- Outfielder
- Born: September 5, 1998 (age 27) Baton Rouge, Louisiana, U.S.
- Bats: LeftThrows: Left

= Daniel Cabrera (outfielder) =

American baseball player (born 1998)

Daniel Reed Cabrera (born September 5, 1998) is an American former professional baseball outfielder. He played college baseball for the LSU Tigers and was selected by the Detroit Tigers with the 62nd overall pick in the 2020 MLB draft.

==Amateur career==
Cabrera attended John Curtis Christian High School for his first three years of high school. He committed to play college baseball at Louisiana State University during his junior season in 2016. During his junior season, he batted .393 with three home runs while pitching to a 1.22 earned run average. He transferred to Parkview Baptist High School for his senior year in 2017, where he batted .510. Following the season, he was selected by the San Diego Padres in the 26th round of the 2017 Major League Baseball draft. However, he did not sign, and instead chose to honor his commitment to LSU.

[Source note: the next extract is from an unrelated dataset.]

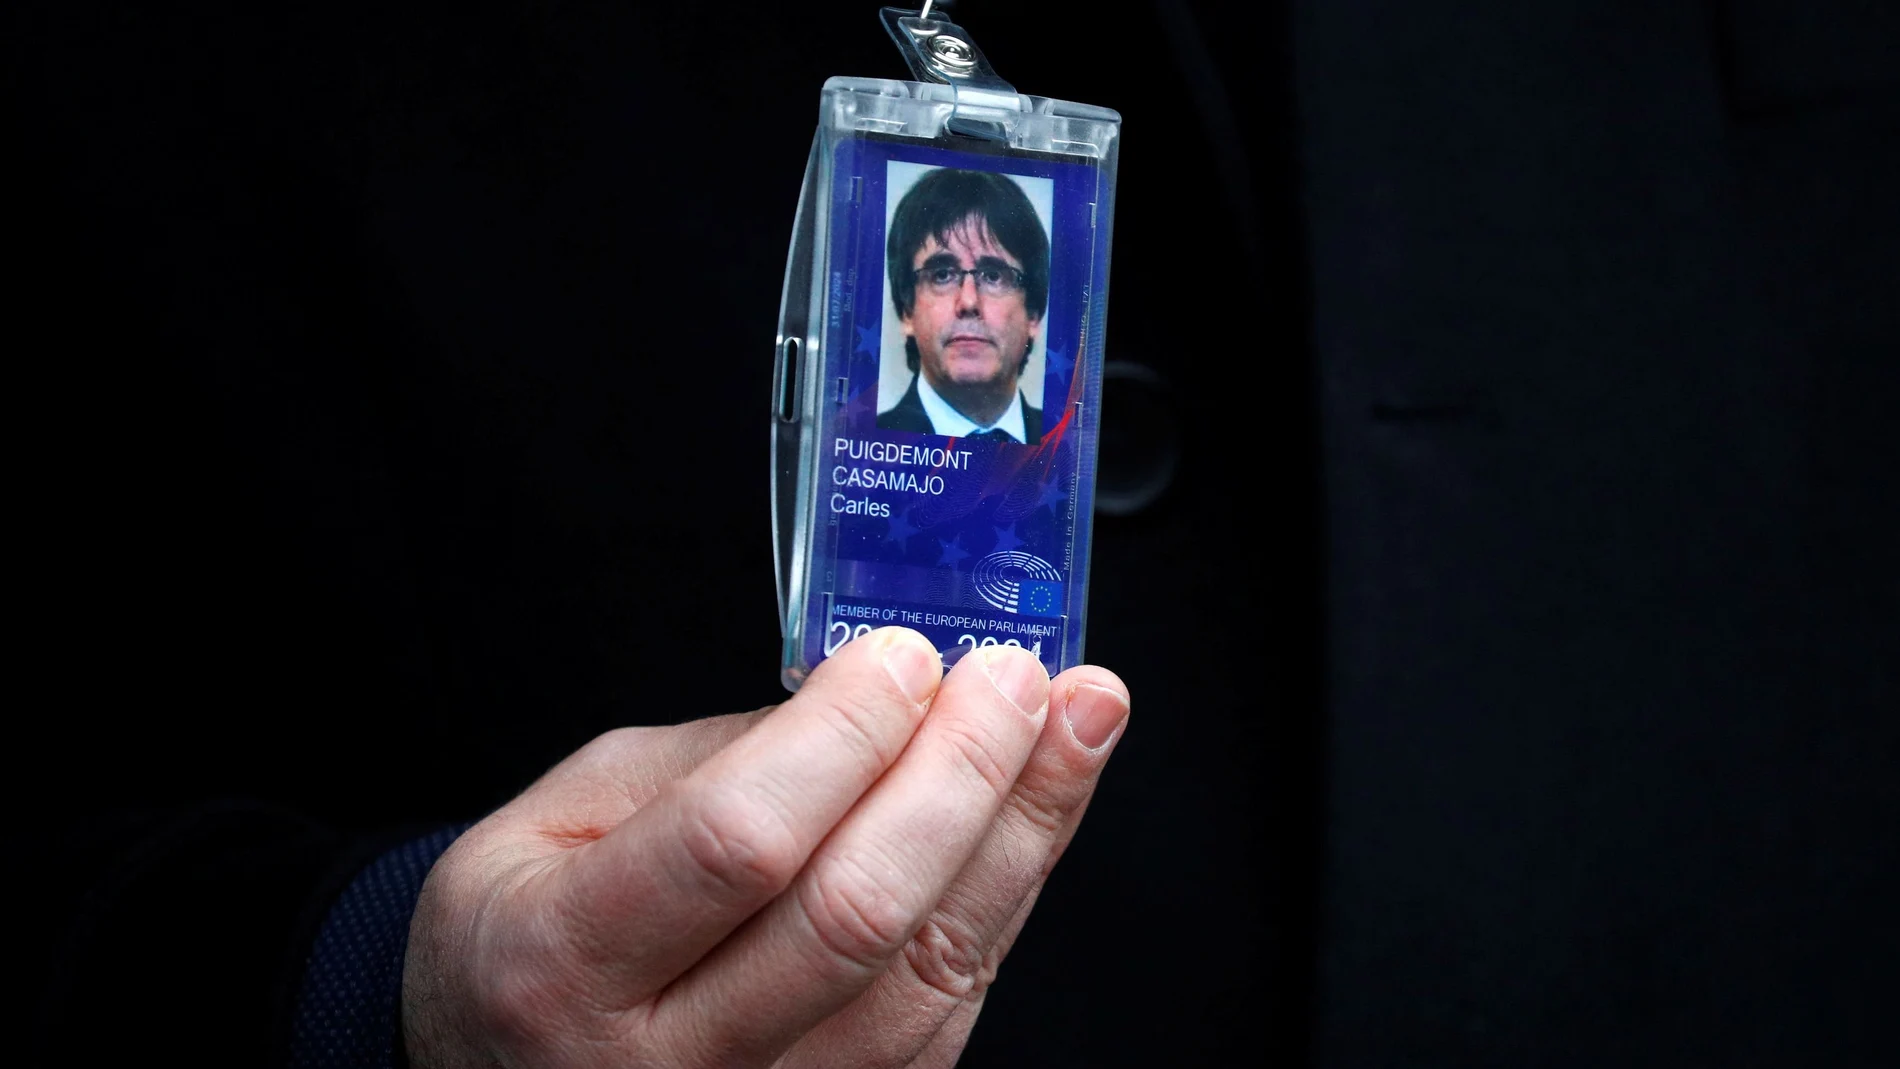 Former member of the Catalan government Puigdemont shows his badge outside the EU Parliament in Brussels
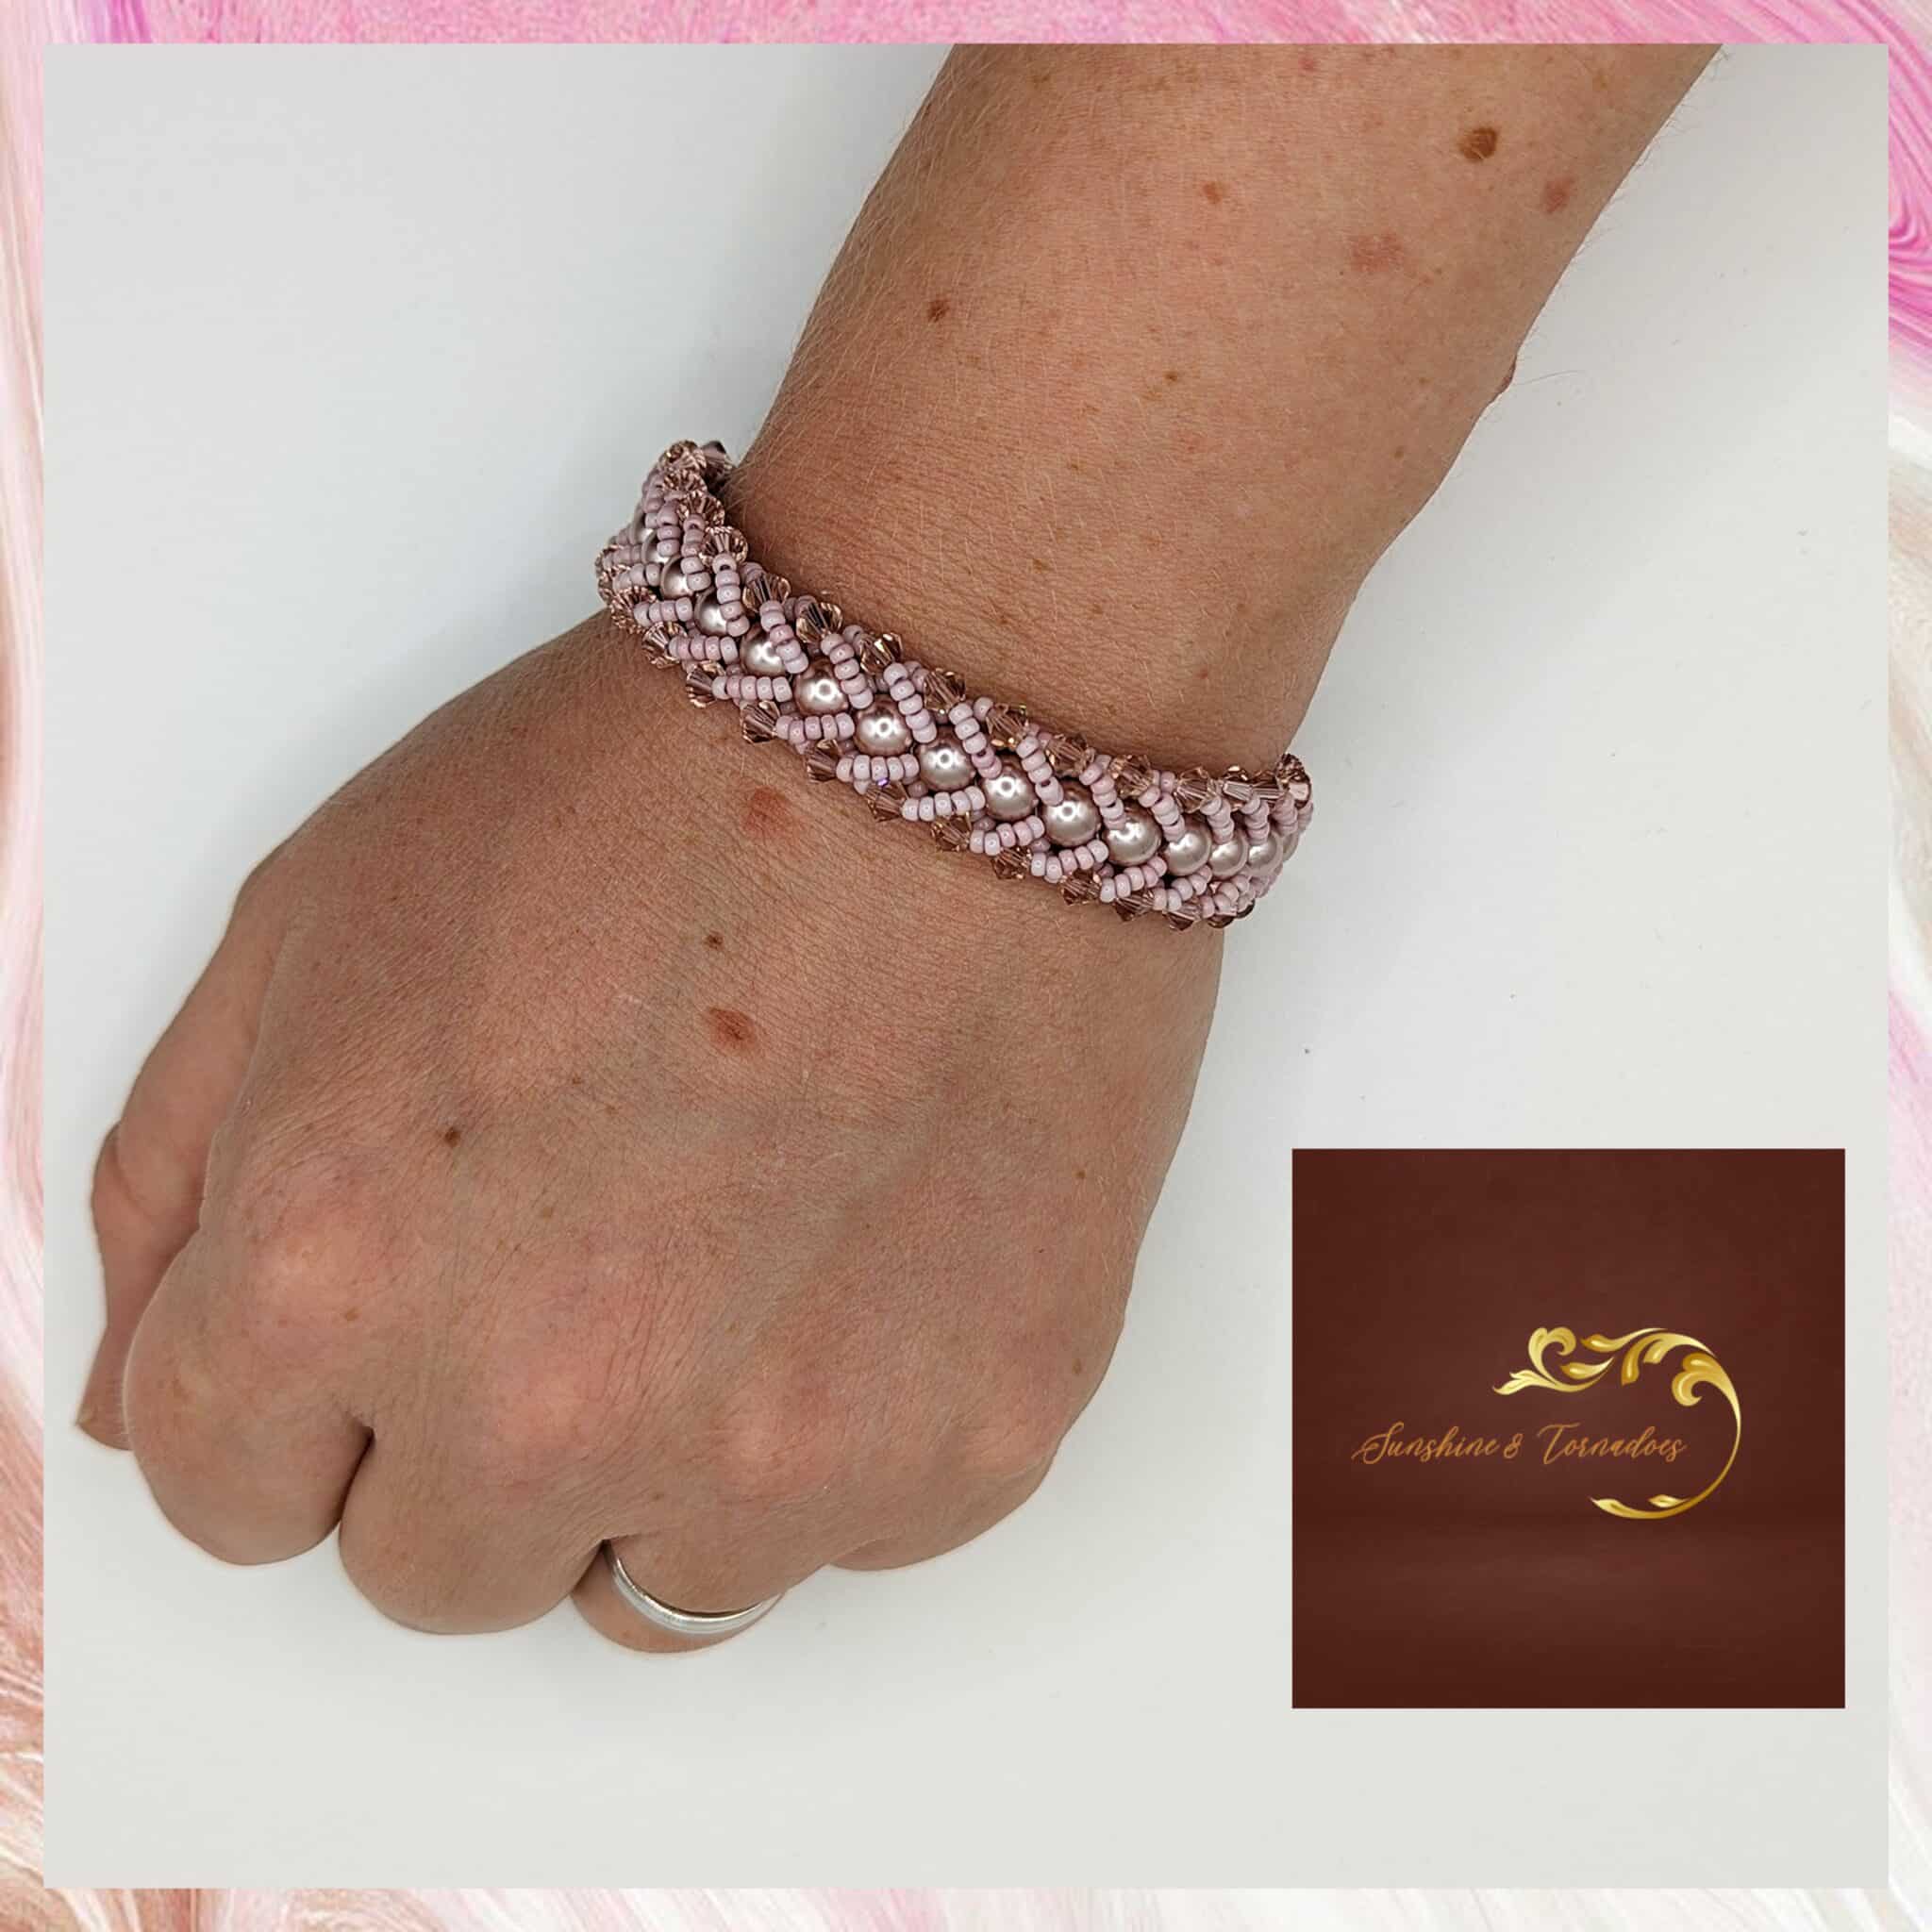 Blush Pink Flat Spiral Bracelet with Decorative Clasp - main product image

As a freshman in 2018, Cabrera was immediately thrust into the starting lineup. Over 63 games (58 starts), he batted .315 with eight home runs and 54 runs batted in (RBIs), earning various All-American honors alongside a spot on the SEC All-Freshman Team. He spent that summer playing for the USA Baseball Collegiate National Team and also played for the Bourne Braves of the Cape Cod Baseball League (CCBL). In 2019, his sophomore season, he slashed .284/.359/.516 with 12 home runs and 50 RBIs. That summer, he returned to the CCBL to play for the Harwich Mariners, earning All-Star honors. Cabrera entered his junior year in 2020 as a top prospect for the 2020 Major League Baseball draft. He appeared in 17 games, batting .345 with two home runs, before the college baseball season was cut short due to the COVID-19 pandemic.

==Professional career==
Cabrera was selected by the Detroit Tigers with the 62nd overall pick in the draft, and signed for $1.2 million. He did not play a minor league game in 2020 due to the cancellation of the minor league season caused by the pandemic. To begin the 2021 season, he was assigned to the West Michigan Whitecaps of the High-A Central. After slashing .242/.300/.395 with nine home runs and 64 RBIs over 99 games, he was promoted to the Erie SeaWolves of the Double-A Northeast in late August. Over 17 games with Erie, Cabrera batted .174 with four home runs and nine RBIs. He returned to Erie to begin the 2022 season, was reassigned to West Michigan in early June, and then returned to Erie once again in early July. Over 120 games between the two teams, he slashed .237/.309/.351 with eight home runs and 46 RBIs. To open the 2023 season, he was assigned to Erie. He also played with the Lakeland Flying Tigers. Across seventy games, he hit .239 with one home run and 27 RBI. Cabrera appeared in seven games in 2024 before being placed on the restricted list for the remainder of the season, and also did not appear in a game in 2025.